Data shown:
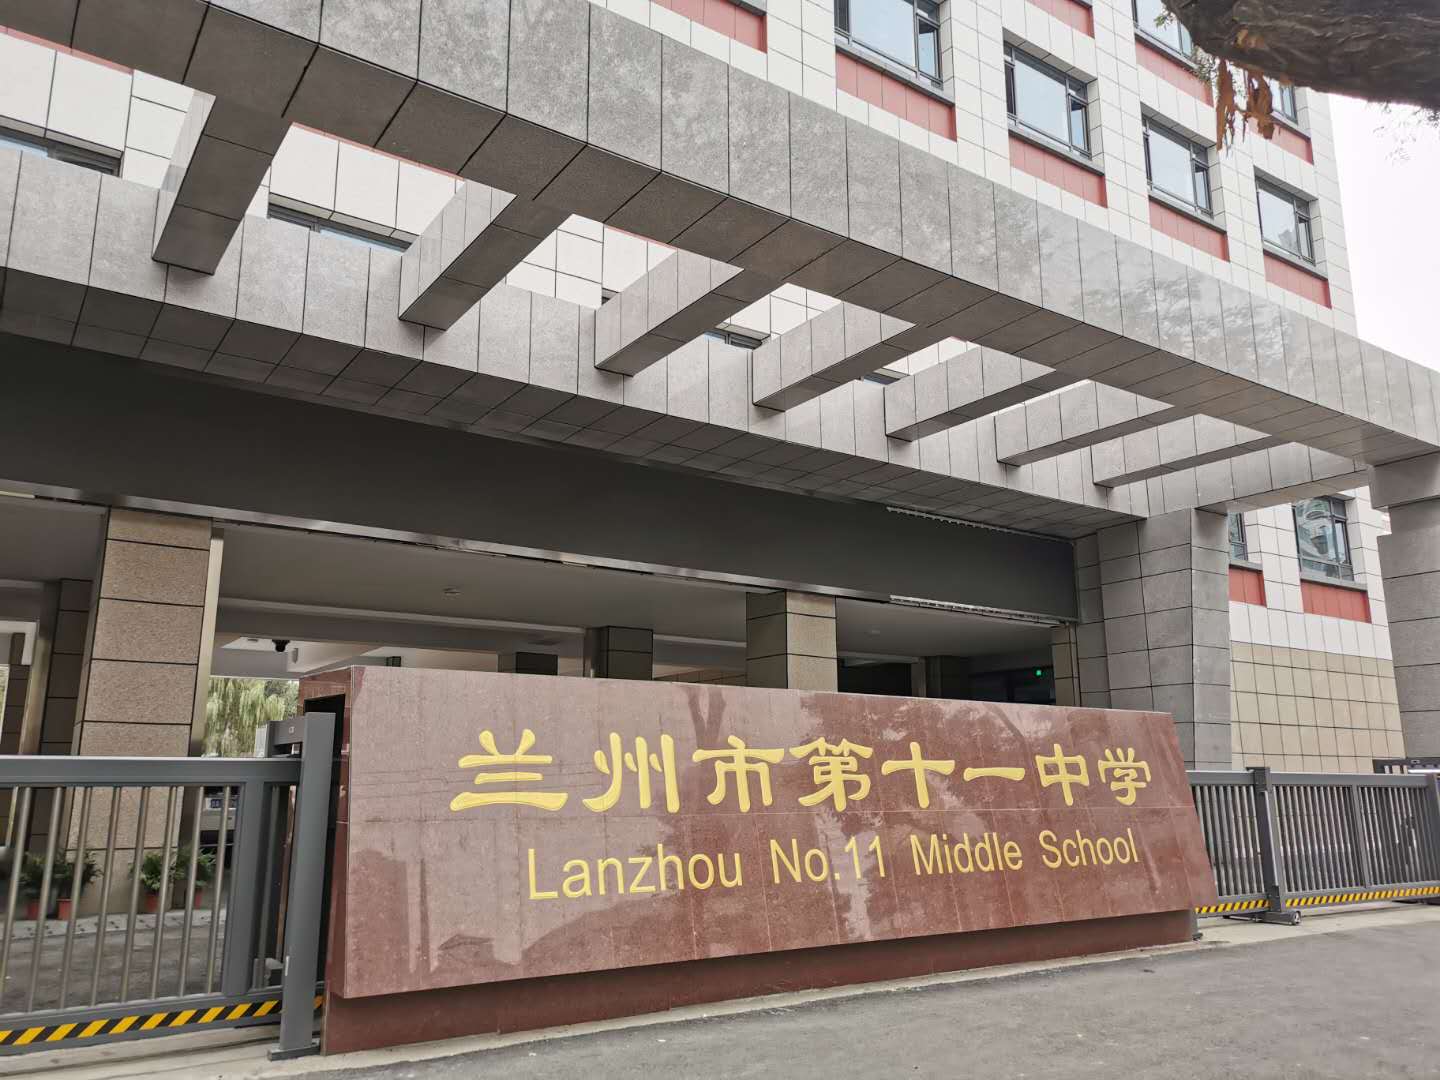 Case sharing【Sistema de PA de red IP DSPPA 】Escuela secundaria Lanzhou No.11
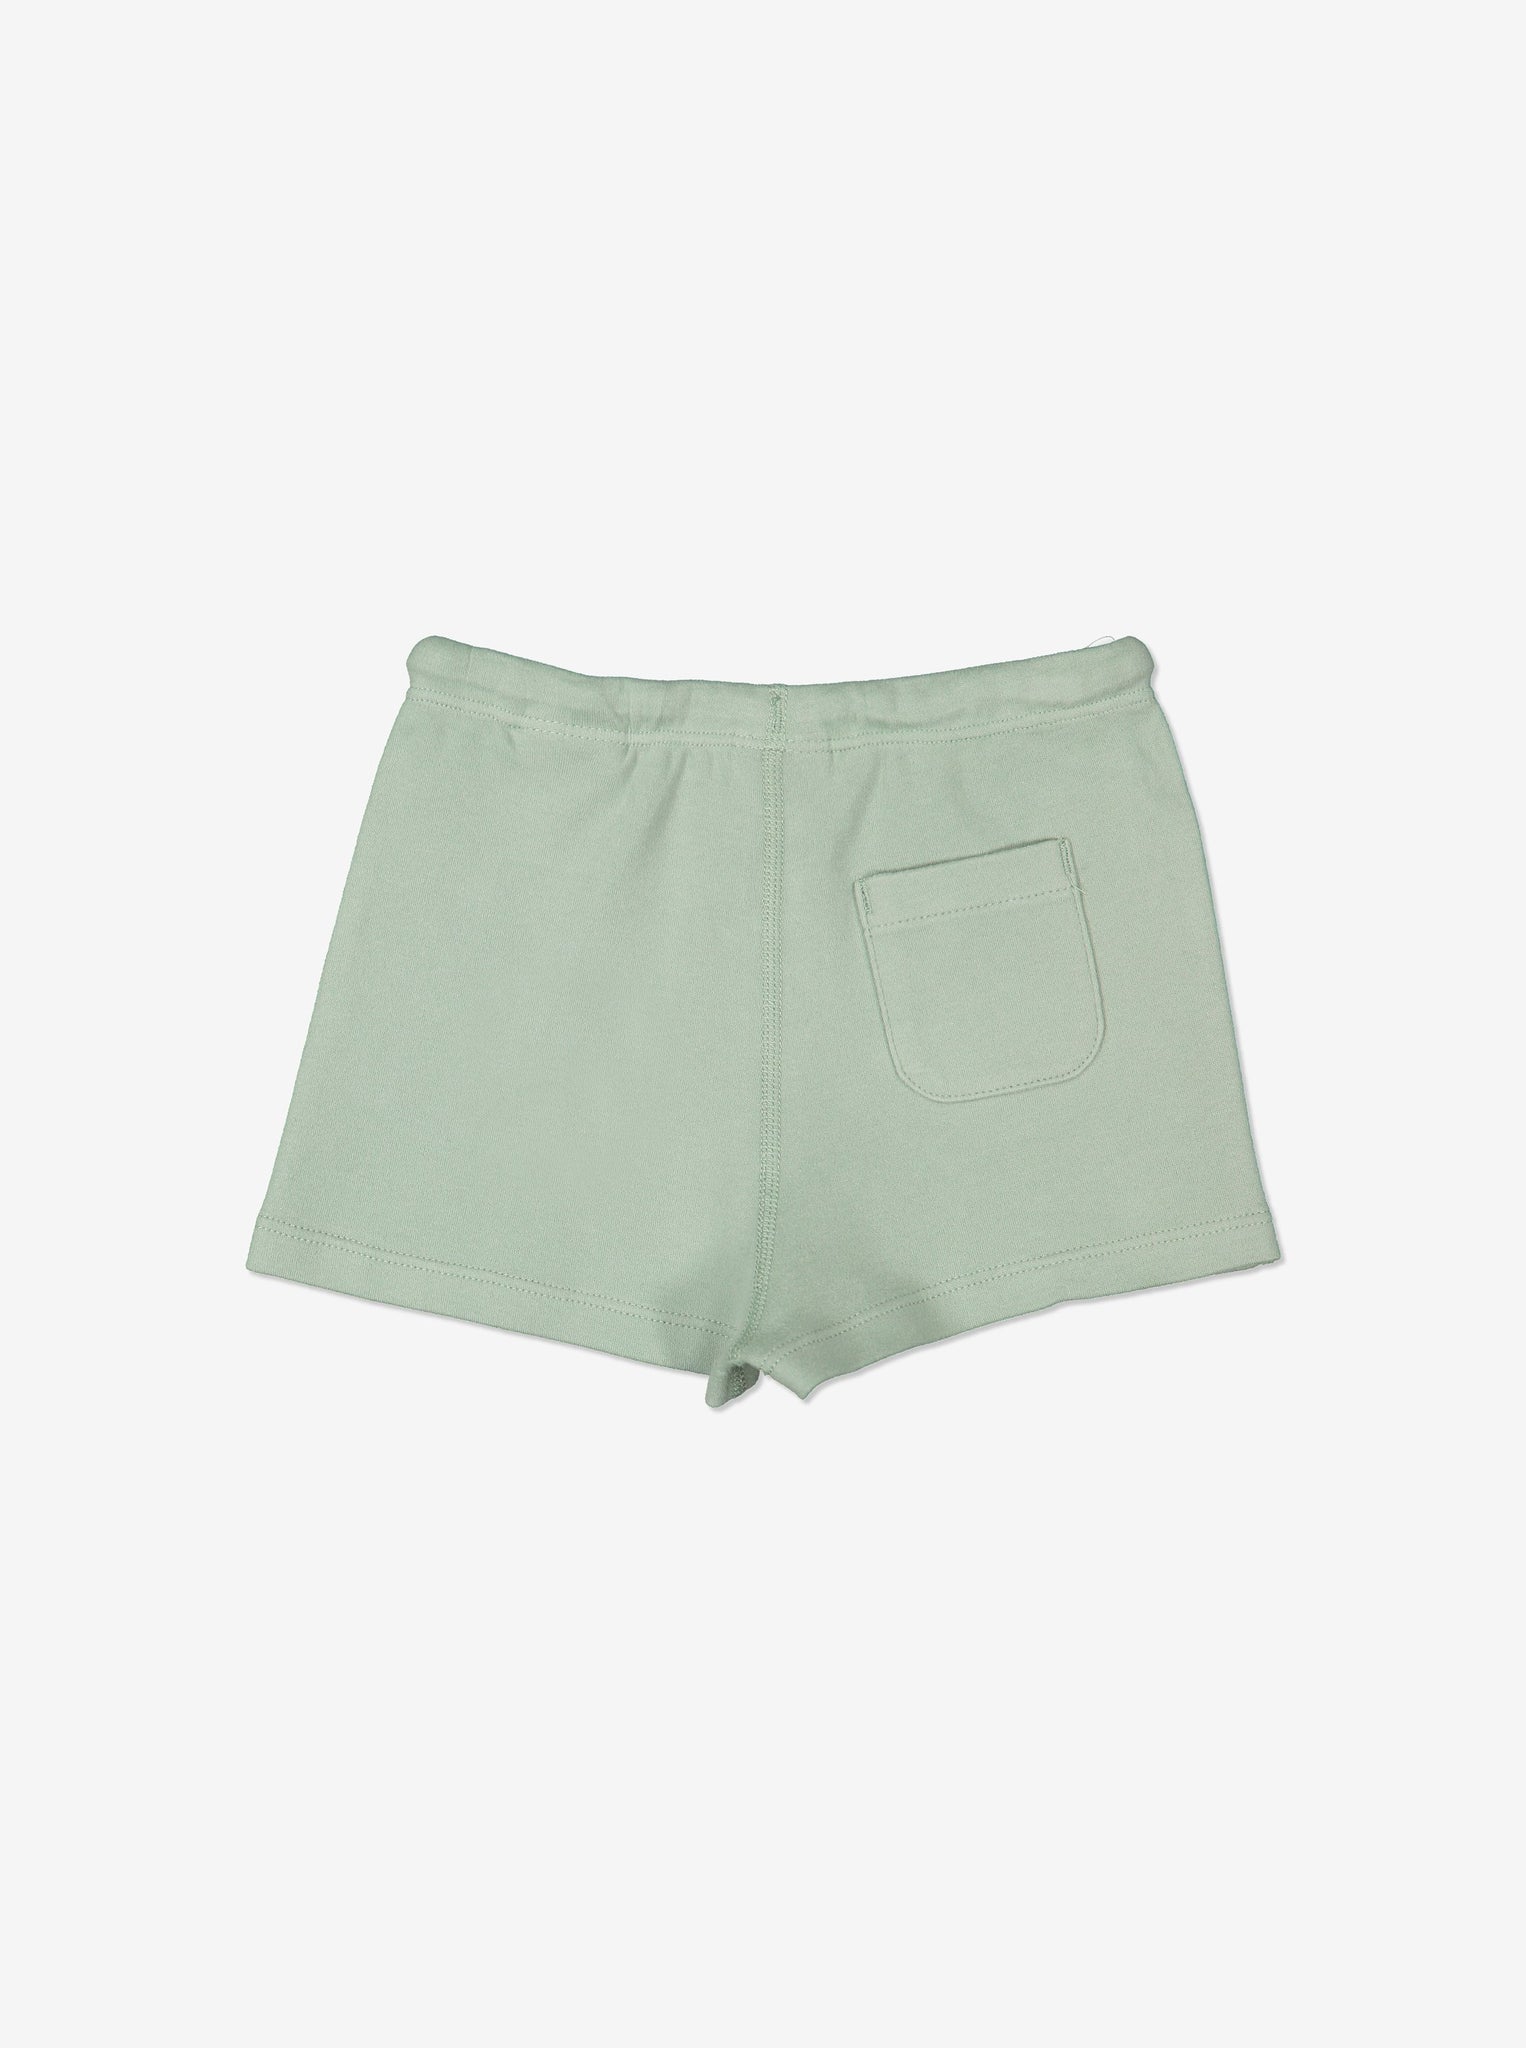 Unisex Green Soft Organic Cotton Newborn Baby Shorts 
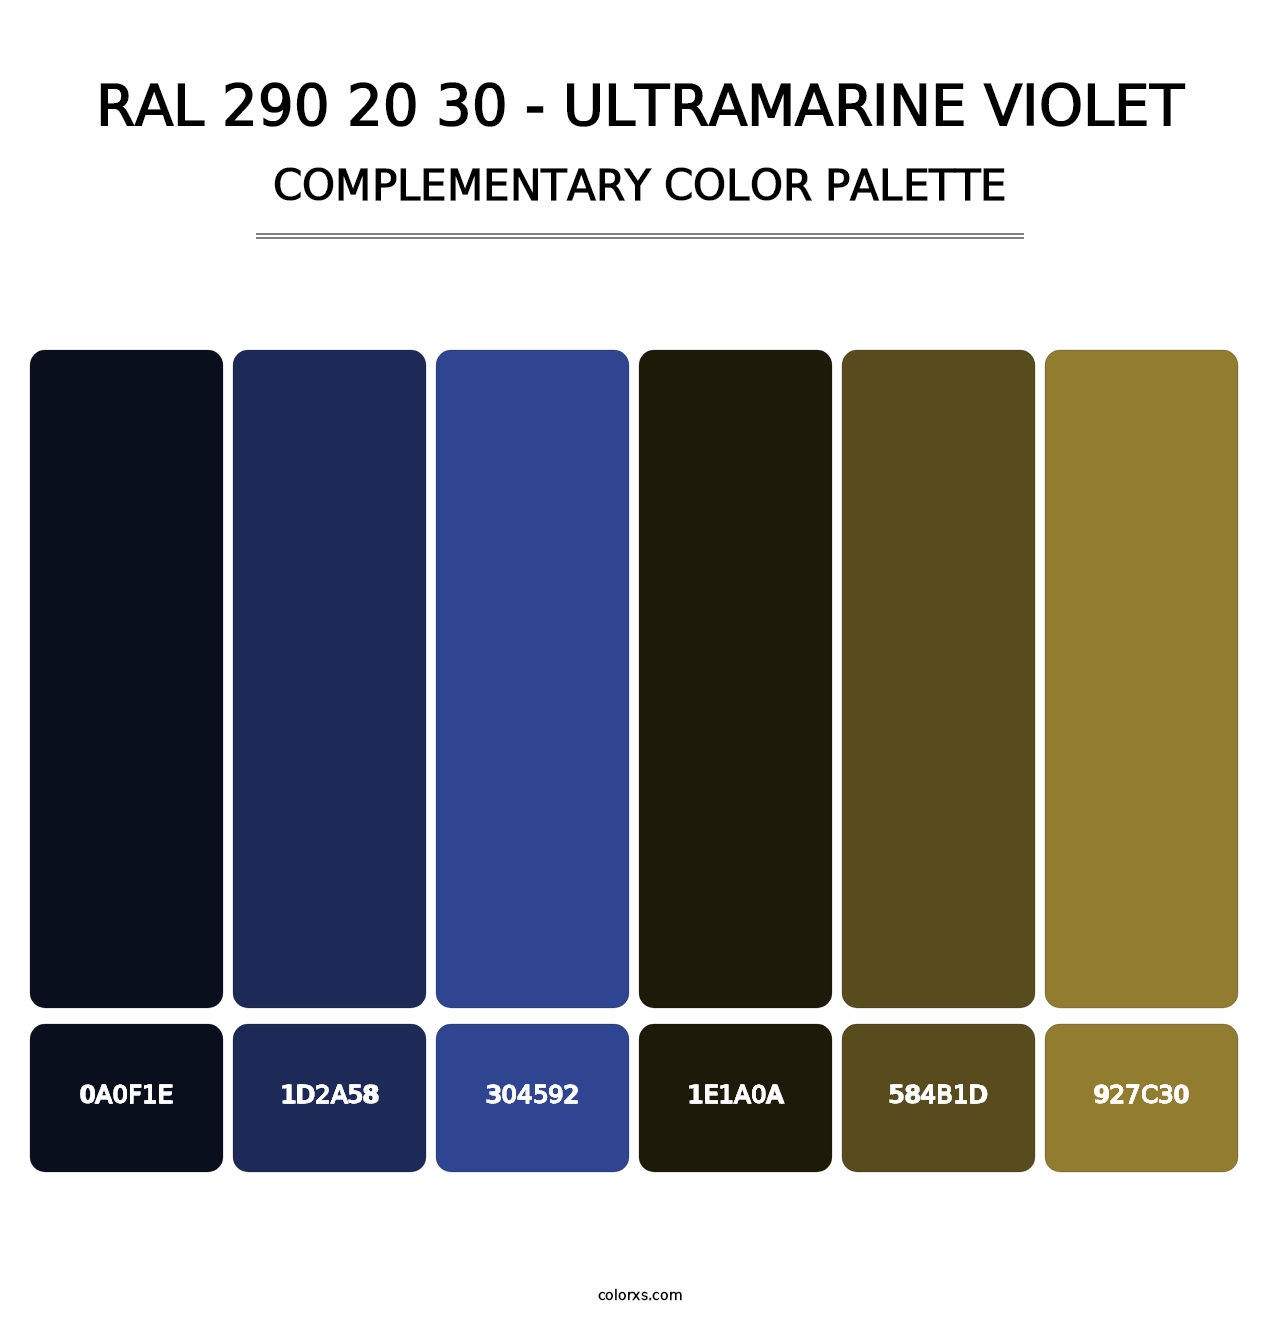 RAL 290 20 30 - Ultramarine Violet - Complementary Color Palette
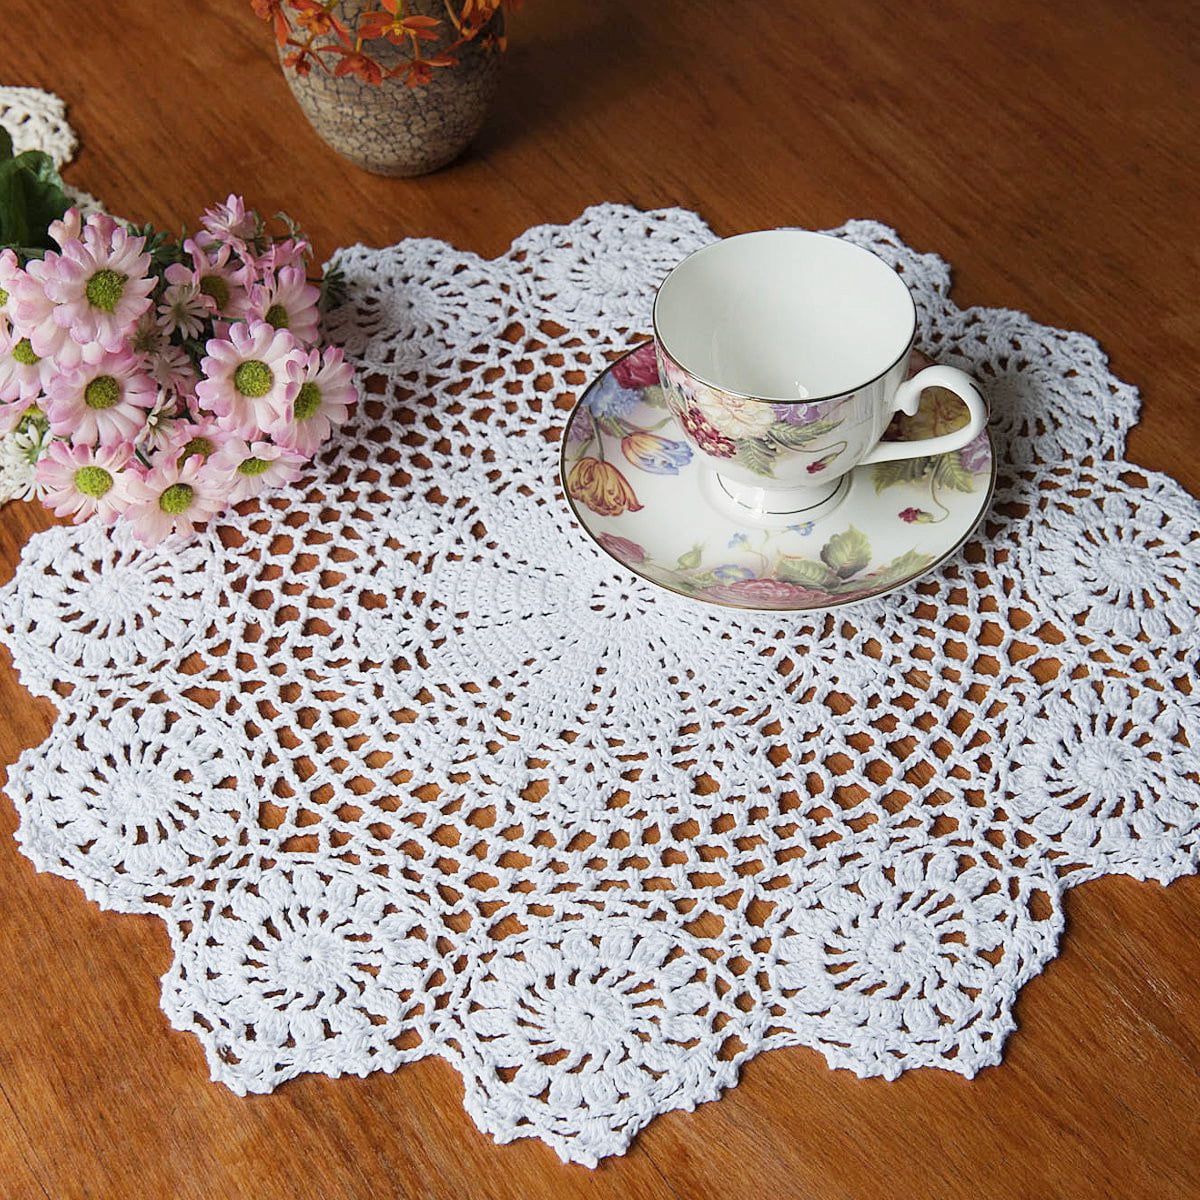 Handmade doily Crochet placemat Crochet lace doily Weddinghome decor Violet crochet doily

Task directions:
Could you retype exactly the lines running from the one with "Unisex Green Soft" to the end of the material above, pictures omitted?

Answer section:
 Unisex Green Soft Organic Cotton Newborn Baby Shorts 
 RAL 290 20 30 - Ultramarine Violet - Complementary Color Palette
 Handmade doily Crochet placemat Crochet lace doily Weddinghome decor Violet crochet doily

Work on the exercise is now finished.